EXERCISE MATERIALS:

-=-=-=-=-

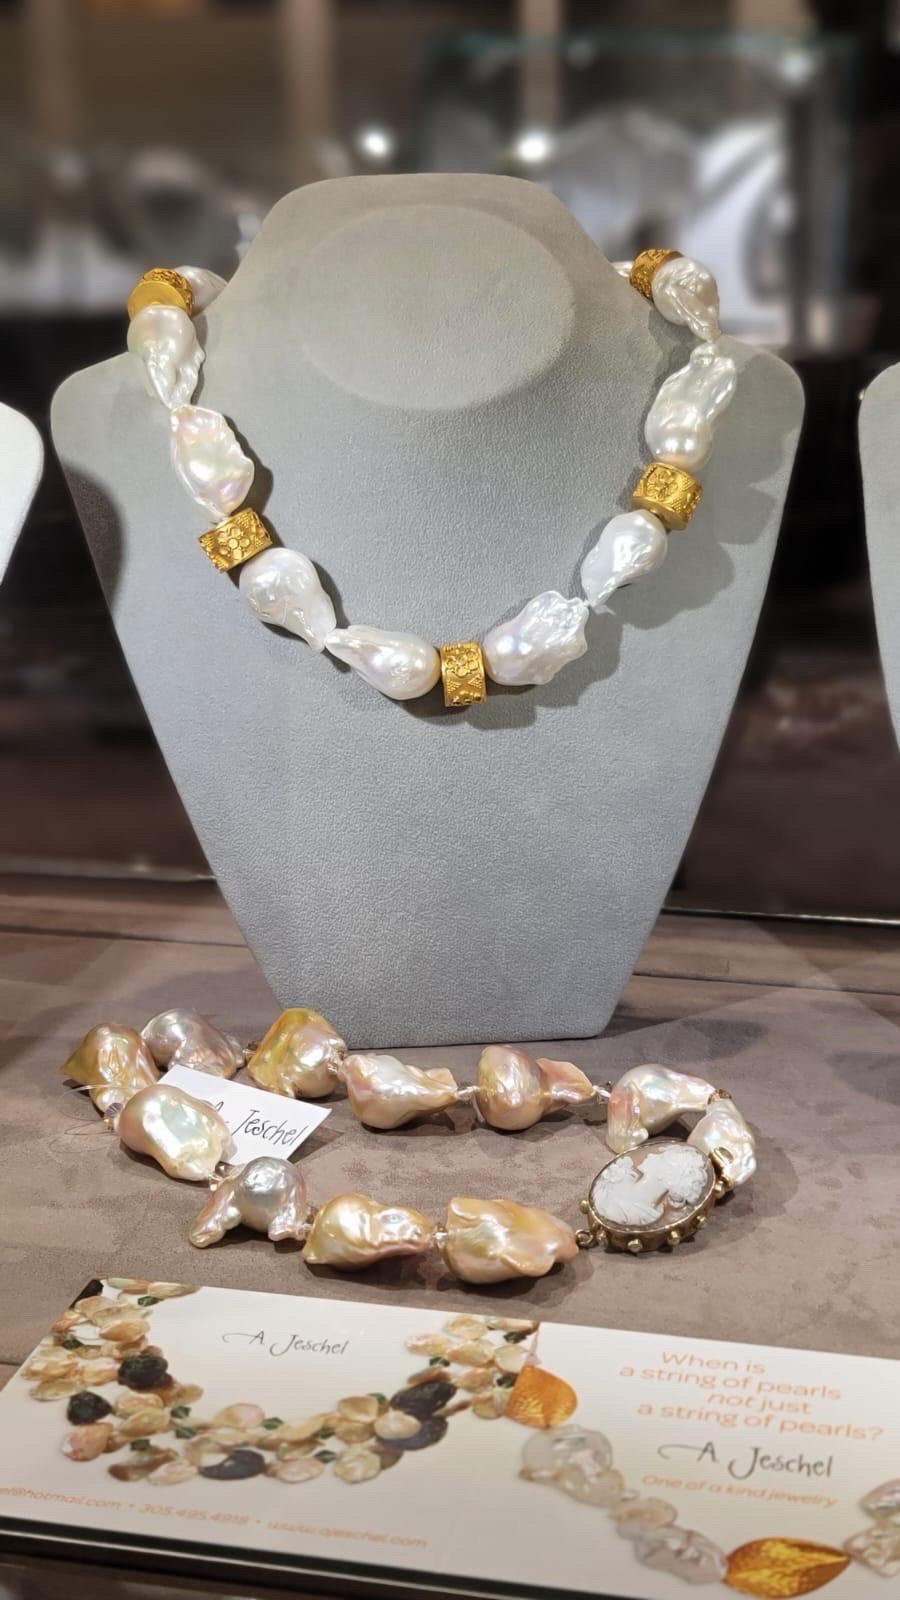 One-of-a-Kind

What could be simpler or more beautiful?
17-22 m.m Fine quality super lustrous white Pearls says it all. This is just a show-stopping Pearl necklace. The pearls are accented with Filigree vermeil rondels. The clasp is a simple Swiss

-=-=-=-=-

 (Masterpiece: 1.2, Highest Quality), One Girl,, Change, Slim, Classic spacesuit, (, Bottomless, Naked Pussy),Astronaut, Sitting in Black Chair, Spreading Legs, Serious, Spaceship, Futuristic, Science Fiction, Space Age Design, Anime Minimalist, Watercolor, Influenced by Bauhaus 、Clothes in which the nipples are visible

-=-=-=-=-

TO DO: Given the entries above, transcribe exactly the lines from the one holding "One-of-a-Kind" through the one holding "17-22 m.m Fine"; pictures do not belong in the transcription.

WRITTEN ANSWER:
 One-of-a-Kind

What could be simpler or more beautiful?
17-22 m.m Fine quality super lustrous white Pearls says it all. This is just a show-stopping Pearl necklace. The pearls are accented with Filigree vermeil rondels. The clasp is a simple Swiss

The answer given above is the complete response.